▶ _TASK INSTRUCTIONS_
Starting at the line that contains "Installation view of" and ending at the line that contains "A FIRST EDITION", the lines below are to be given again exactly, with nothing added.

▶ _MATERIAL FOR THE TASK_
--- START ---
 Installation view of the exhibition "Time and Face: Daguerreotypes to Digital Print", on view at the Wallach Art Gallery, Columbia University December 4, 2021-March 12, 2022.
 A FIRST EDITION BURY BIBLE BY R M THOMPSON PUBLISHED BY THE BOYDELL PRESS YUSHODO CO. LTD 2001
--- END ---
--- START ---
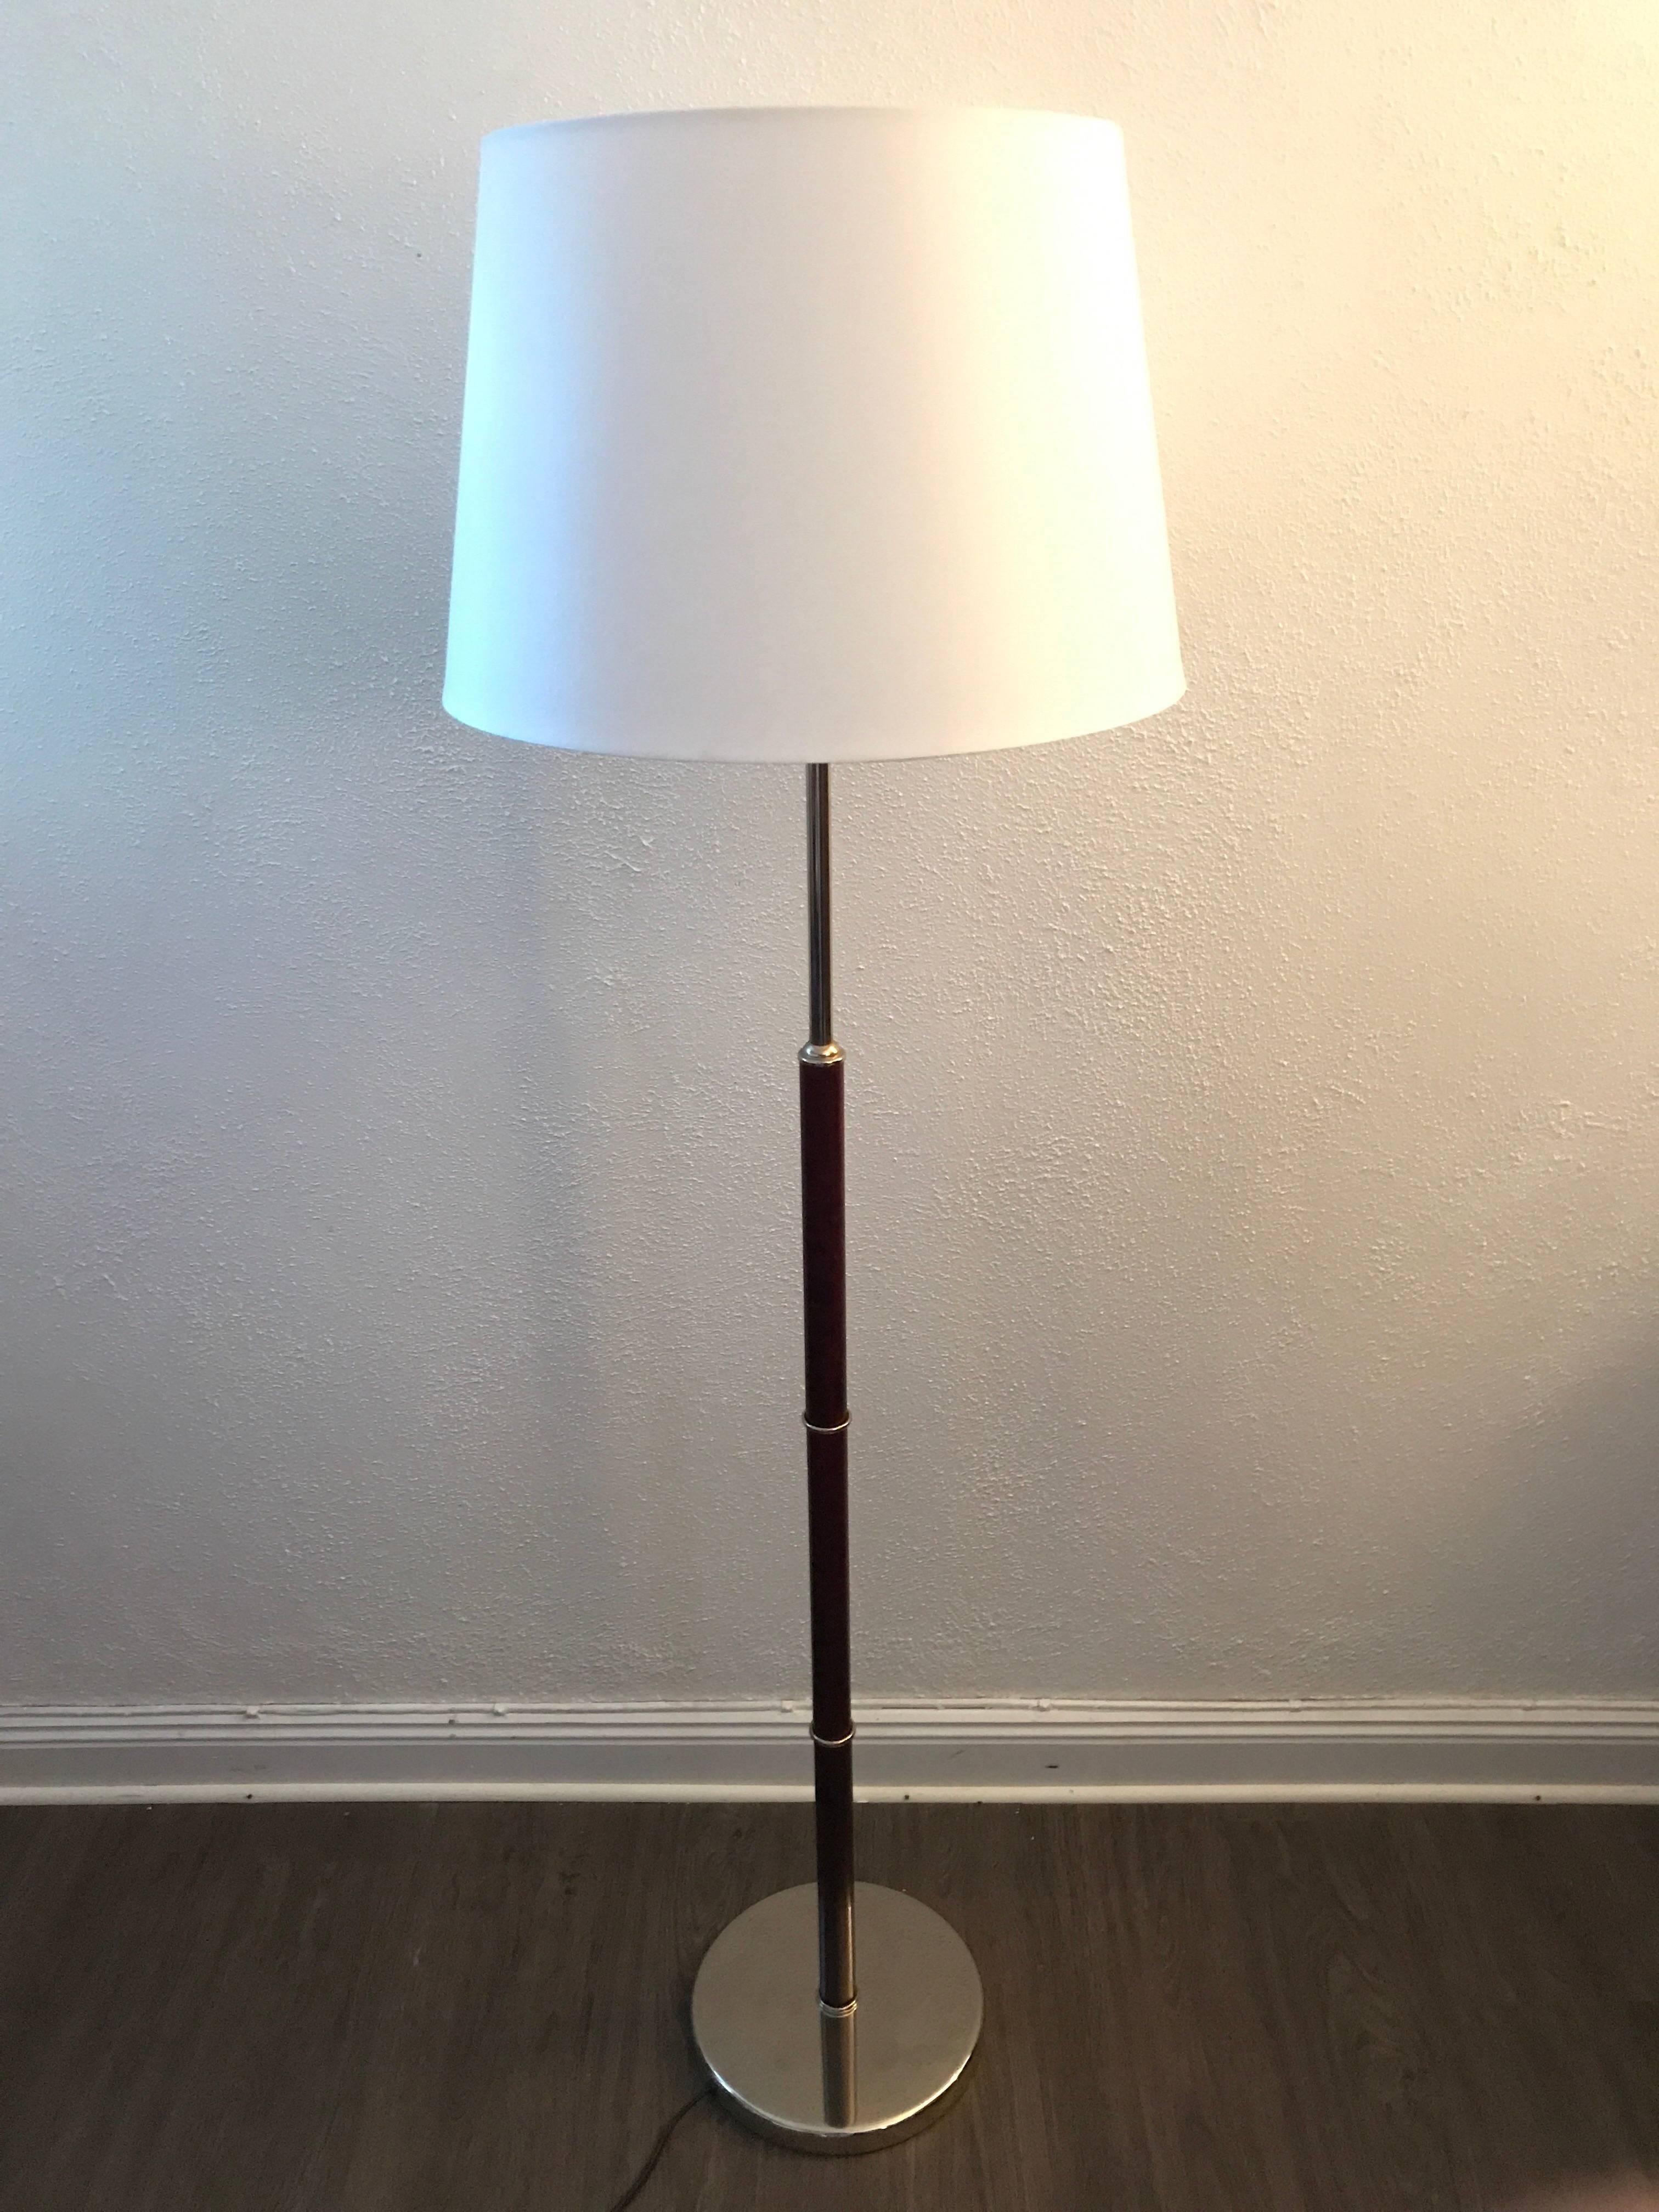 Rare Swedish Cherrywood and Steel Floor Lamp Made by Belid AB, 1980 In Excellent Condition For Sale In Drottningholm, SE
--- END ---
▶ _ANSWER BOX_
 Installation view of the exhibition "Time and Face: Daguerreotypes to Digital Print", on view at the Wallach Art Gallery, Columbia University December 4, 2021-March 12, 2022.
 A FIRST EDITION BURY BIBLE BY R M THOMPSON PUBLISHED BY THE BOYDELL PRESS YUSHODO CO. LTD 2001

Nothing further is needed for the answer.